When it comes to jobs, sport kicks fossil fuels out of the park

by Jack Thrower


We often hear how important fossil-fuel mining is for jobs, but the reality is sport is a much greater employer. 

Shadow treasurer Angus Taylor recently supported cutting ‘red tape’ (ie environmental and labour regulations) for new oil and gas projects, because, he argued “since coming to office, Labor and the unions have done everything possible to kill off investment and jobs in the sector.”

Taylor shouldn’t worry too much, firstly the Albanese government has continued to green-light fossil fuel projects, despite all science being clear that to reduce the impacts of climate change we need to keep fossil fuels in the ground and stop opening new coal and gas mines. Secondly, the fossil-fuel sector employs relatively few people and the ‘jobs created’ by new fossil-fuel projects are vastly overstated.

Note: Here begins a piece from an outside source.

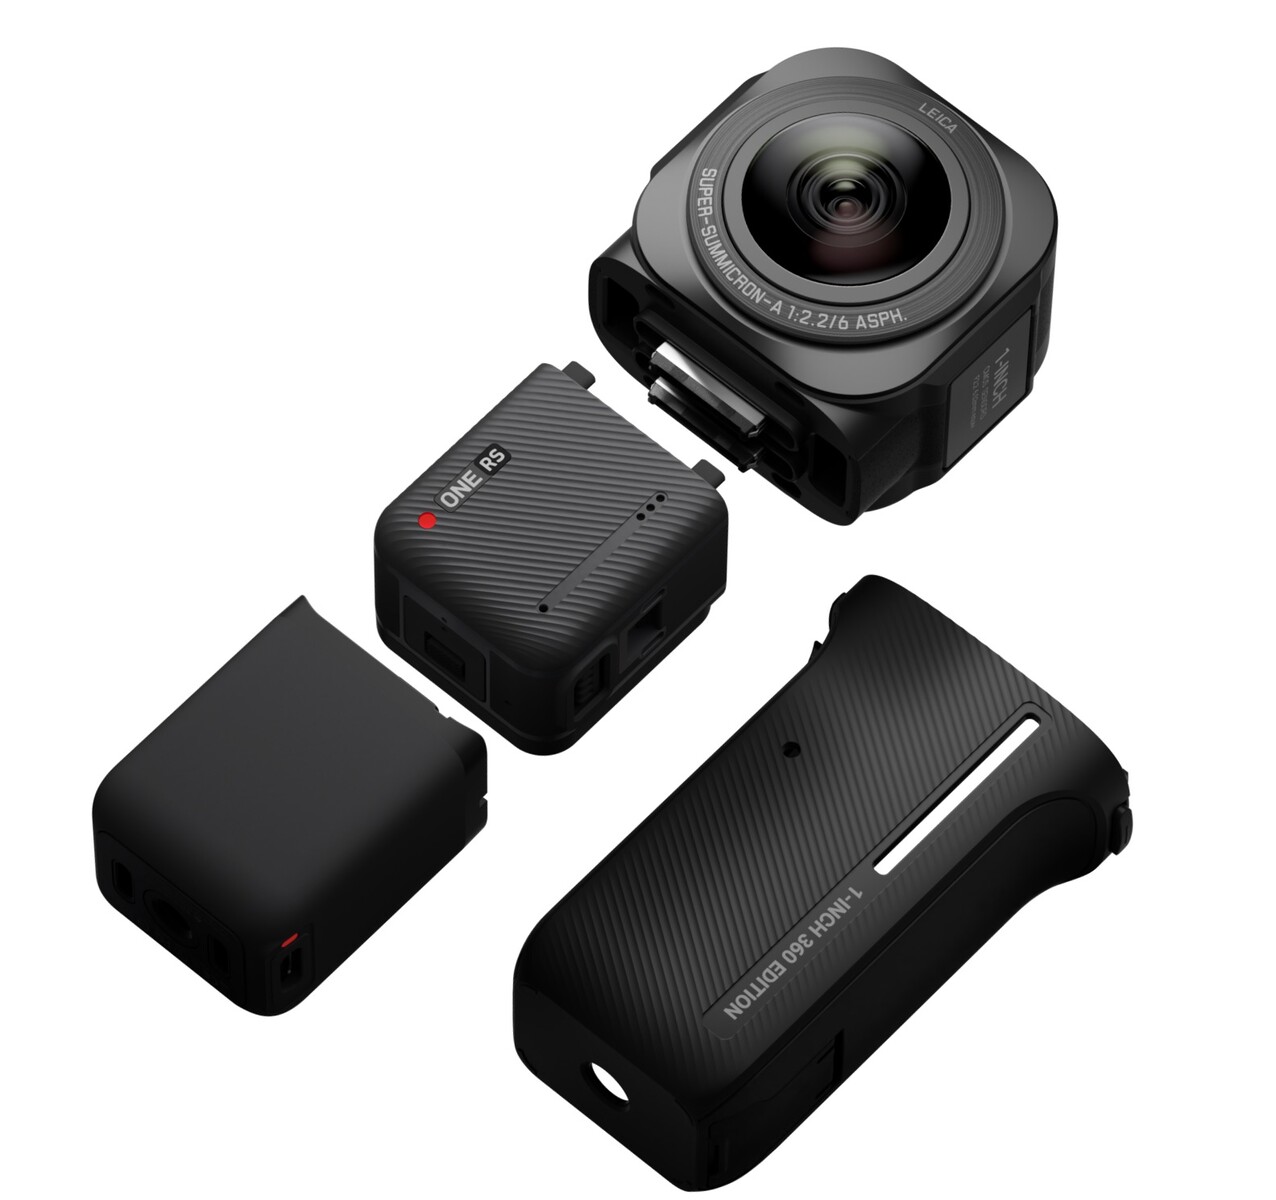 Insta360 One R Review - 360 Action Camera Hybrid Twin Edition 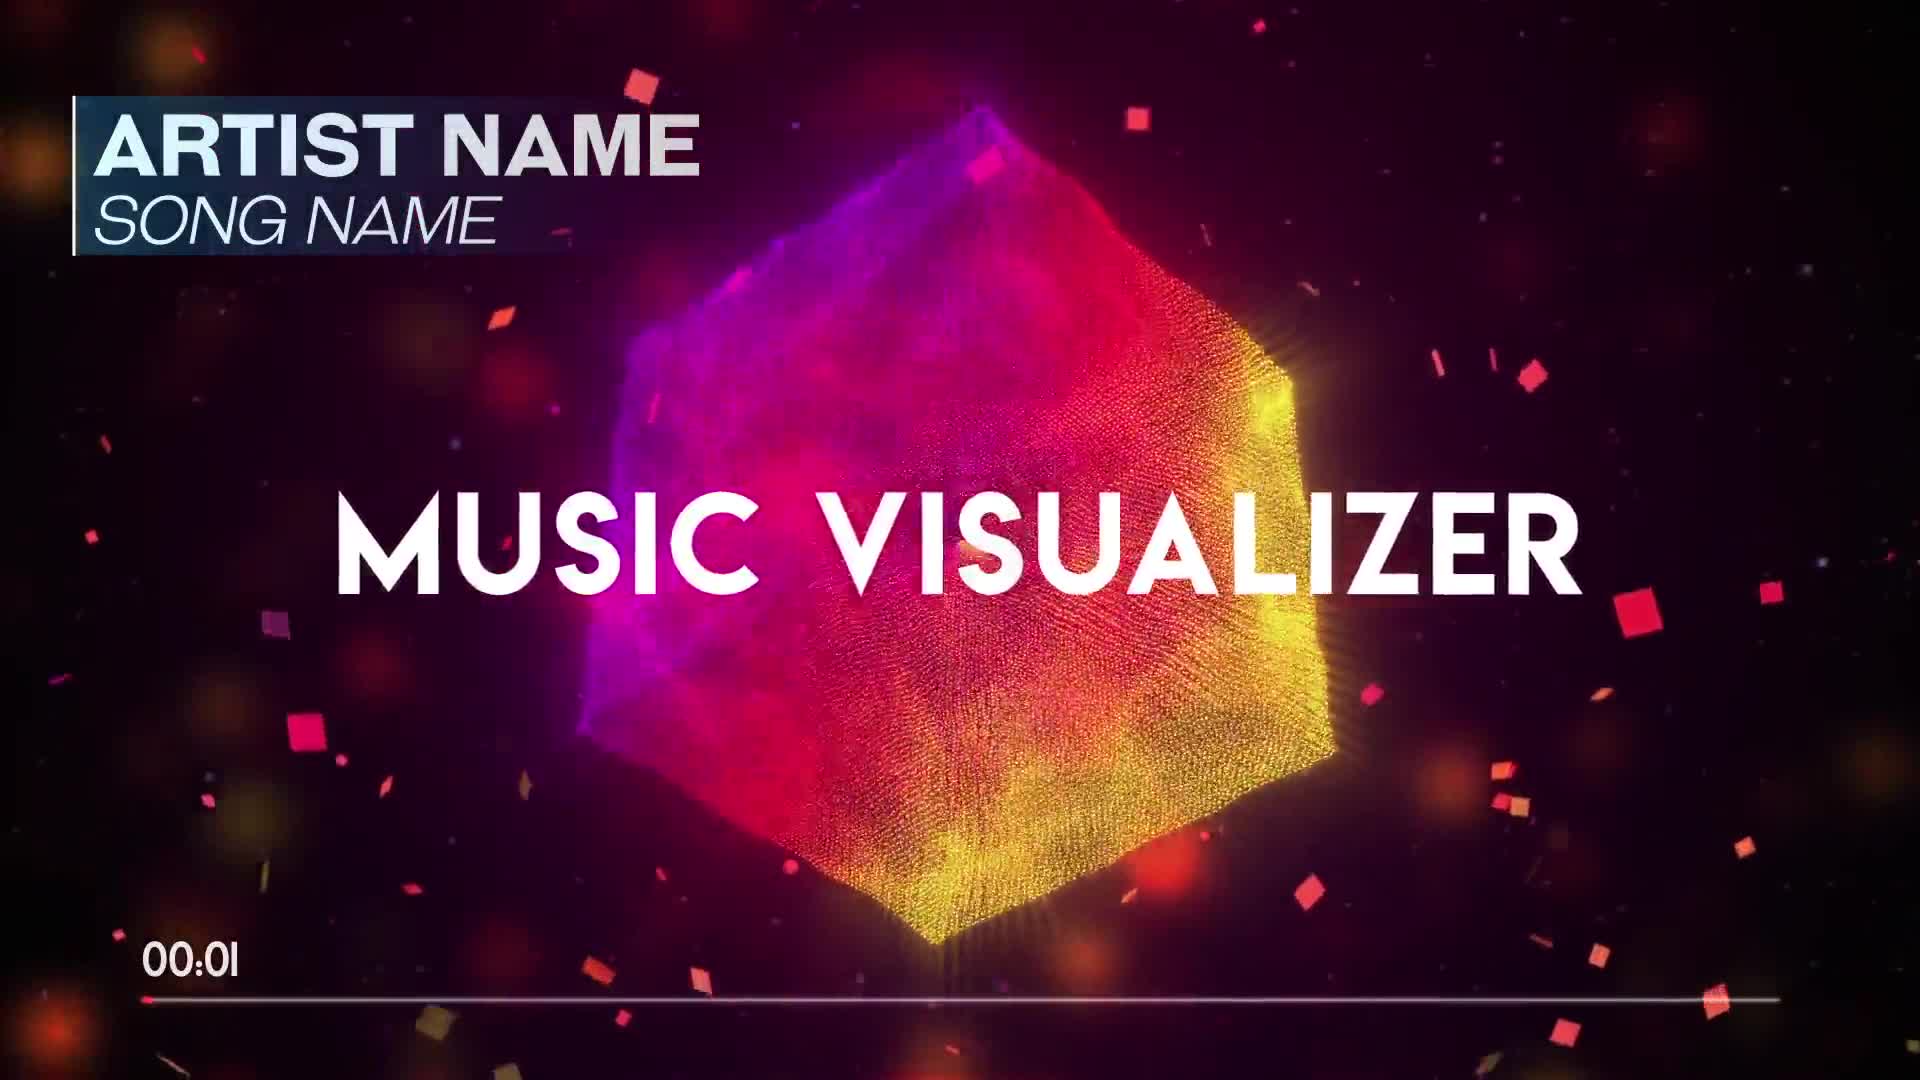 audio spectrum music visualizer videohive free download after effects projects

In the wake of the Matilda’s recent success, it’s worth remembering that their sector of employment (sports and recreation activities) employs over 4 times as many people as coal mining and over 7 times as many as oil and gas extraction. Even if you combine these sectors and add the “exploration and other support services” sector, which is extremely generous as this includes employment related to non-fossil fuel mining such as iron, there are still many more people employed by sports and recreation.

Fossil-fuel companies and lobbyist usually inflate their influence by calculating a huge number of ‘indirect’ or ‘downstream’ jobs created from existing and future projects.

The use of these “employment multipliers” is, however, often misleading. They allow for double counting: each industry can claim responsibility for its own direct employees as well as ‘indirect’ jobs in other industries, meaning the aggregate number of jobs ‘created’ by all industries exceeds the number of total jobs (and even the total number of people!) in the country.

A far less murky solution is to simply rely on the verifiable number of people employed by a sector.

On this metric, Taylor should probably spend less time worried about gas expansion and more time supporting our Tillies, or almost any other industry for that matter.